Any help to create above output in R is great appreciated. Do I need to use if-else and for statement, ifelse, etc??
Upvotes: 1
Views: 5674
Reputation: 887881
You could create an index dataset ('df2') and merge that with the original dataset ('df1')
merge(df1, df2)
# var1 var2 var3 var4
#1 01 A New York Buffalo
#2 01 A New York Buffalo
#3 01 B New York Cornell
#4 02 C North Carolina Raleigh
#5 02 C North Carolina Raleigh
#6 03 D Texas Dallas
df1 <- structure(list(var1 = c("01", "01", "01", "02", "02", "03"),
var2 = c("A", "B", "A", "C", "C", "D")), .Names = c("var1",
"var2"), row.names = c(NA, -6L), class = "data.frame")

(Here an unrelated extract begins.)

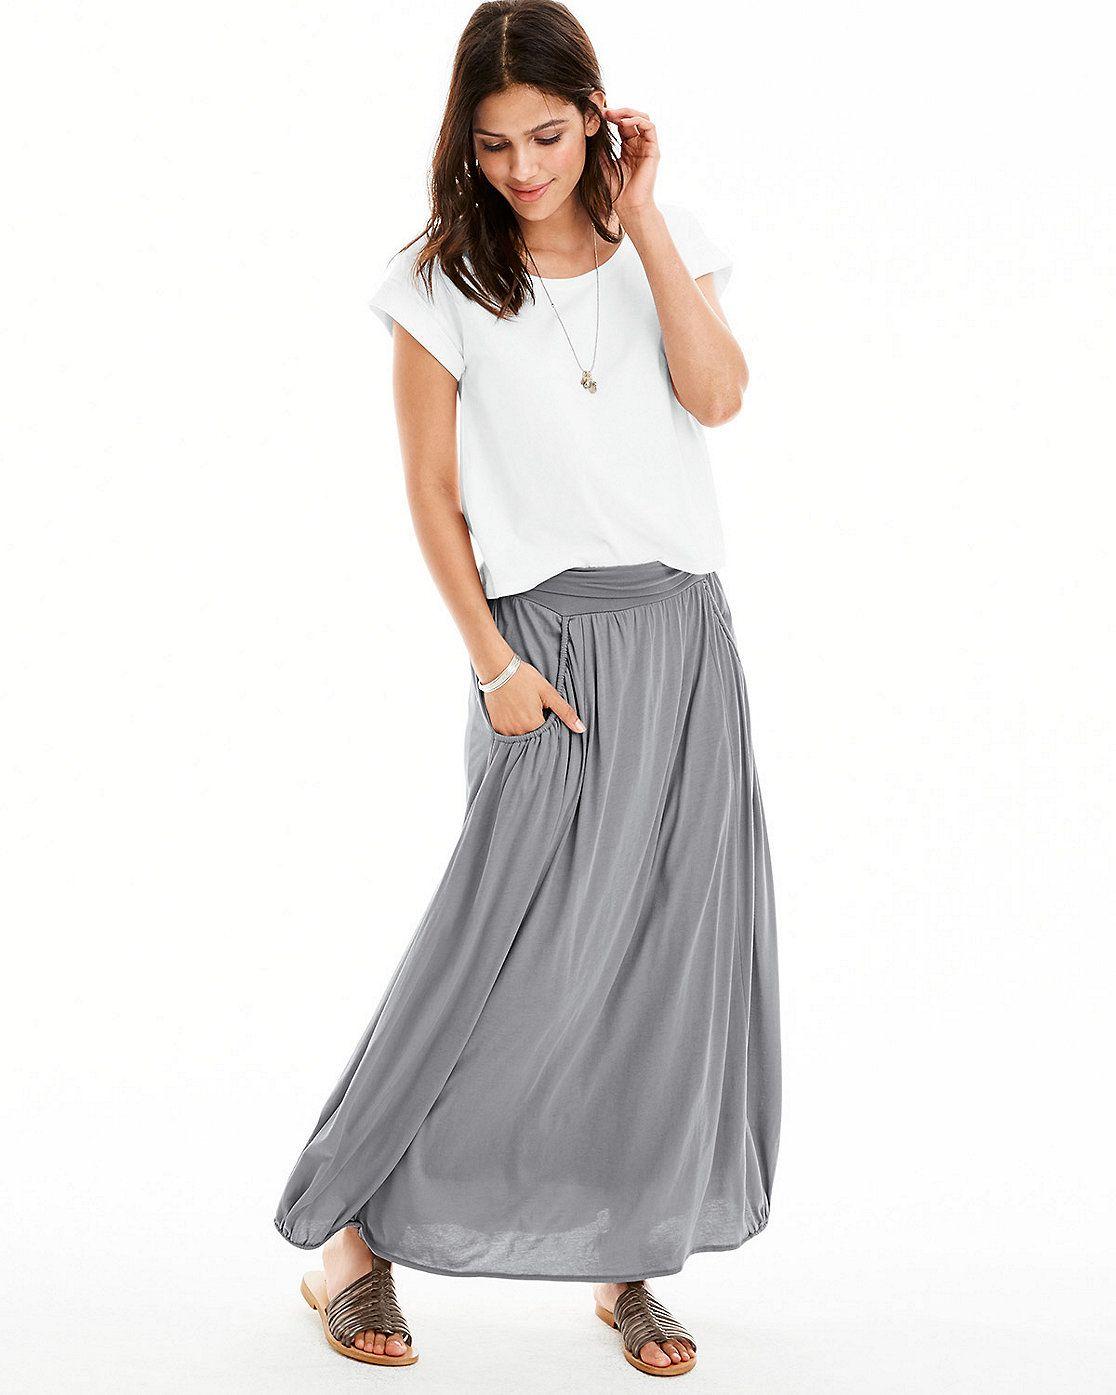 Hill Maxi Skirt Grey maxi skirts, Maxi skirt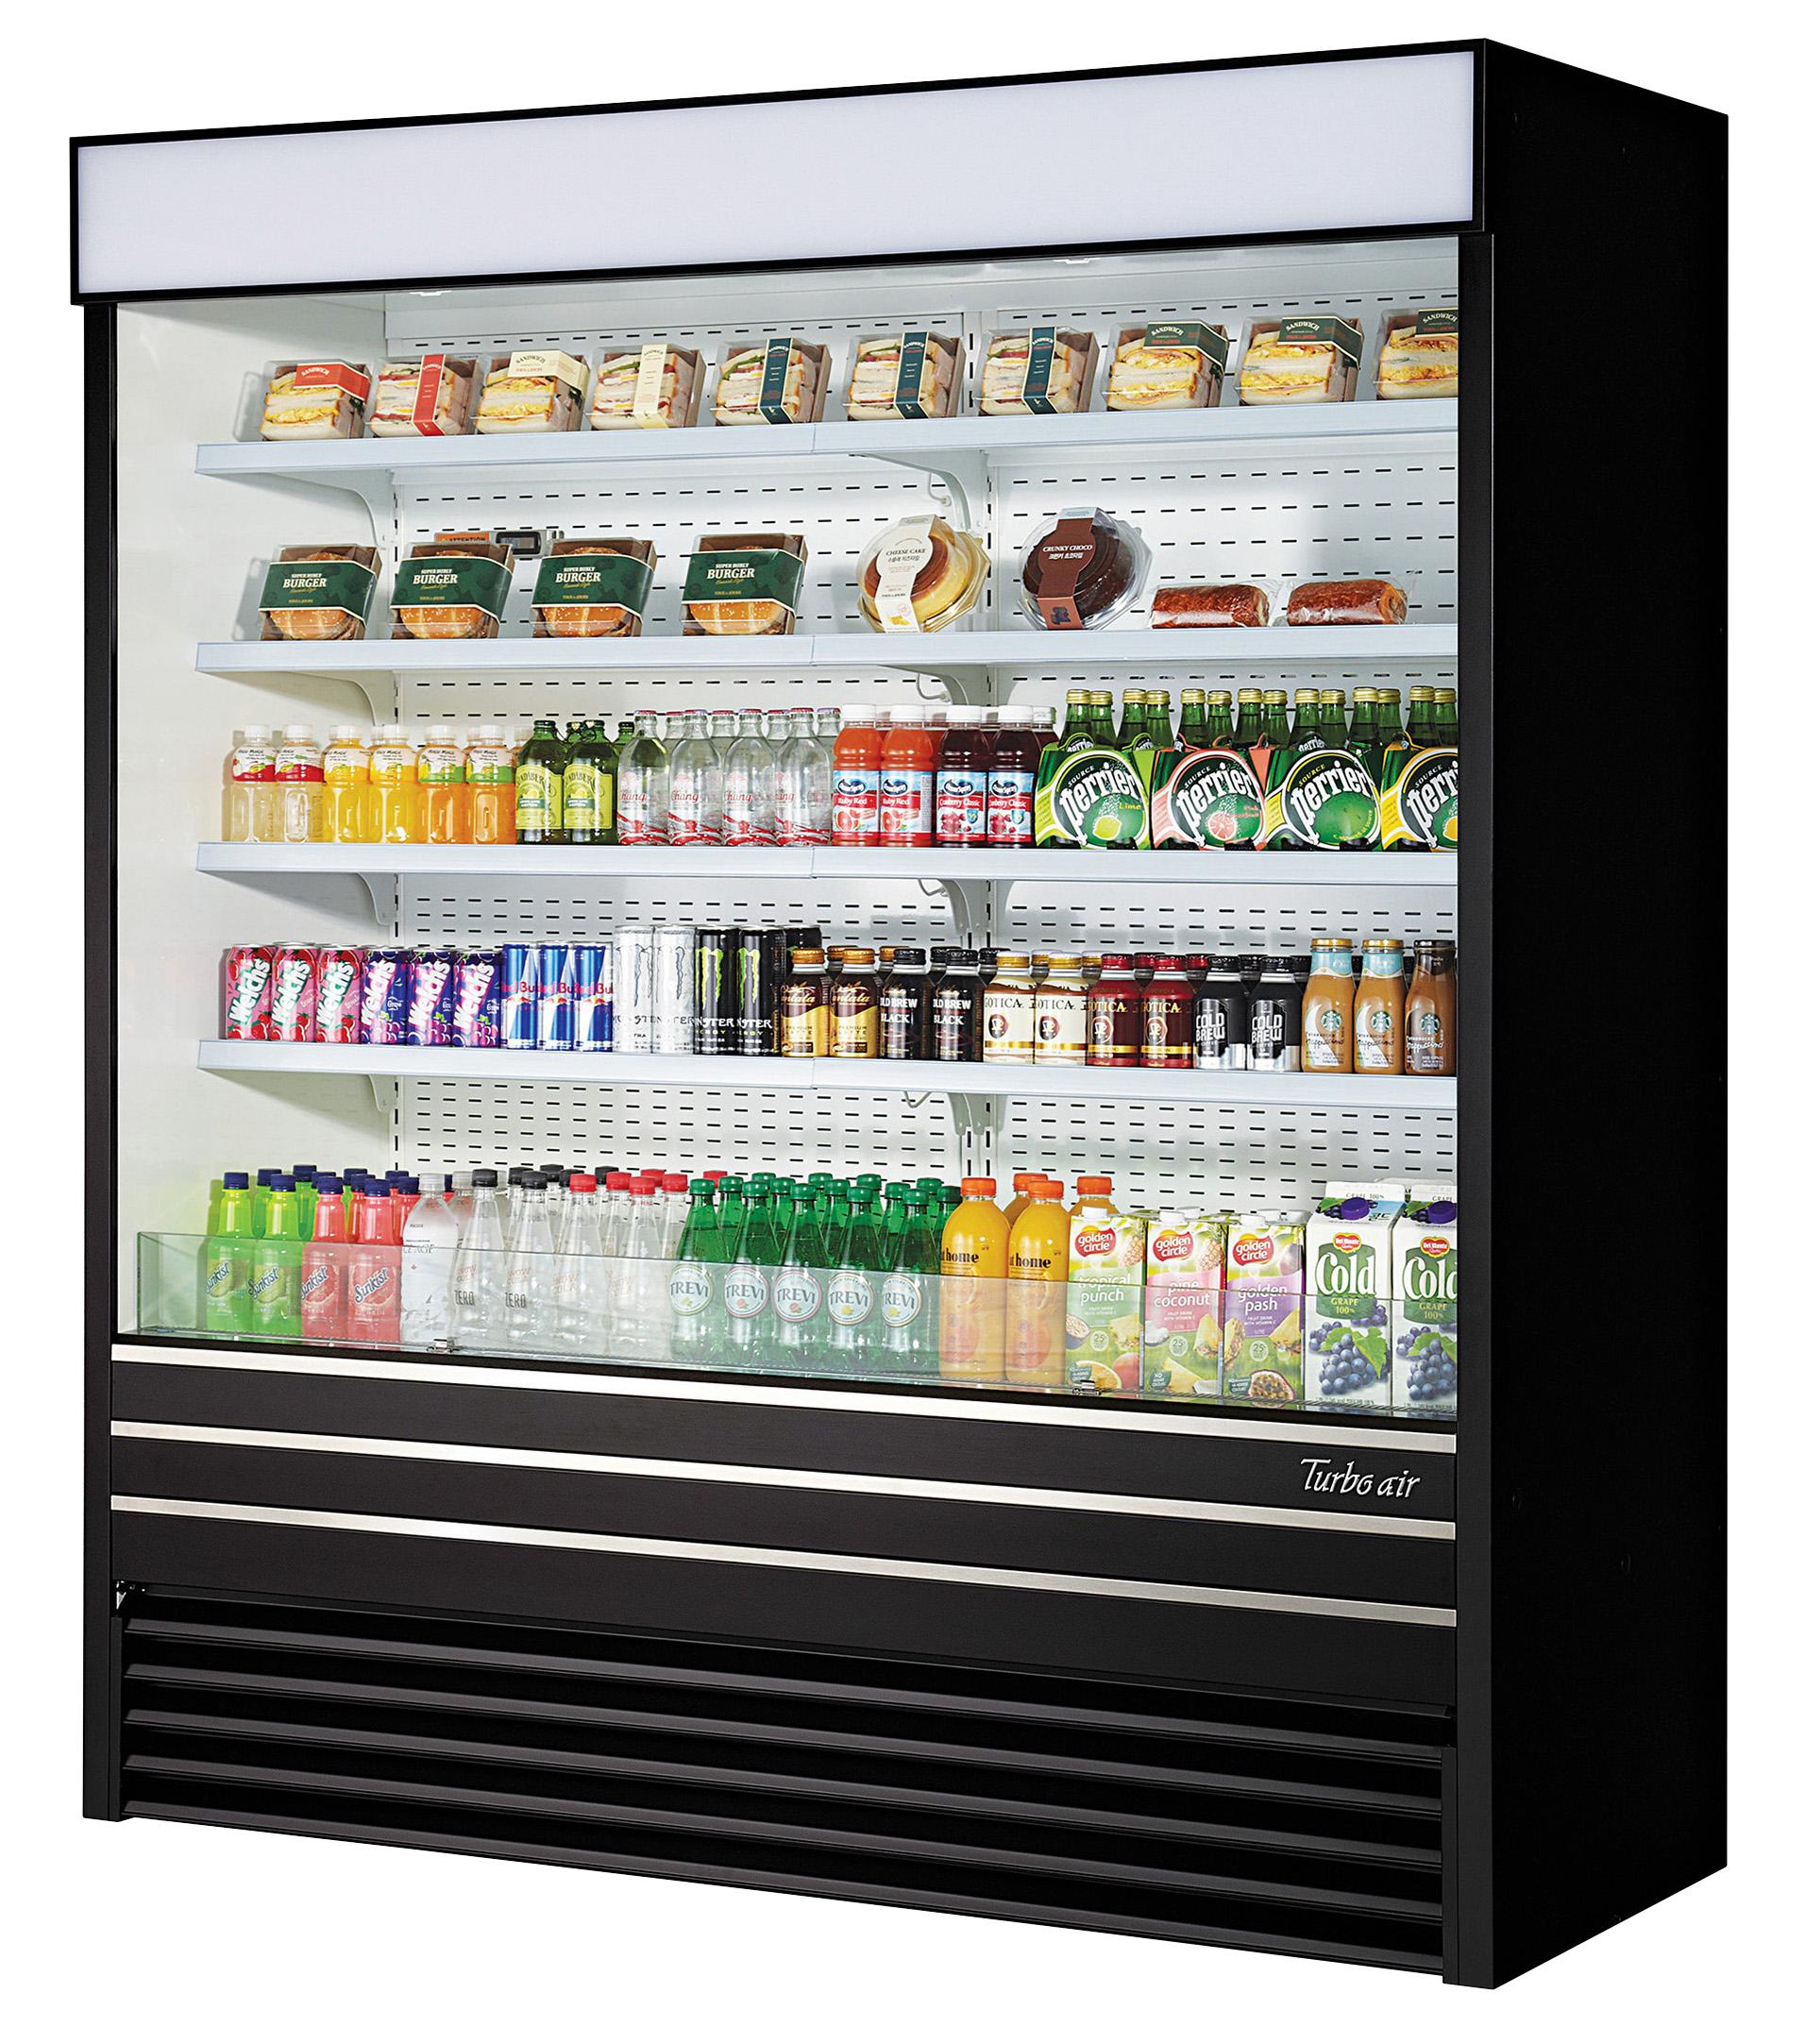 Turbo Air TOM-72EB-N merchandiser, open refrigerated display

df2 <- data.frame(var1=c('01', '01', '02', '03'), var2=LETTERS[1:4],
var3=c('New York', 'New York', 'North Carolina', 'Texas'),
var4=c('Buffalo', 'Cornell', 'Raleigh', 'Dallas'))
Upvotes: 0
Reputation: 3488
df$var3<-ifelse(Var1==01, "New York",
ifelse(Var1==02, "North Carolina",
ifelse(Var1==03, "Texas", NA)))
df$var4<-....
Or by apply labels:
df$var3<-factor(df$Var1,
levels = 1:3,
labels = c("New York","North Carolina","Texas"))
Upvotes: 3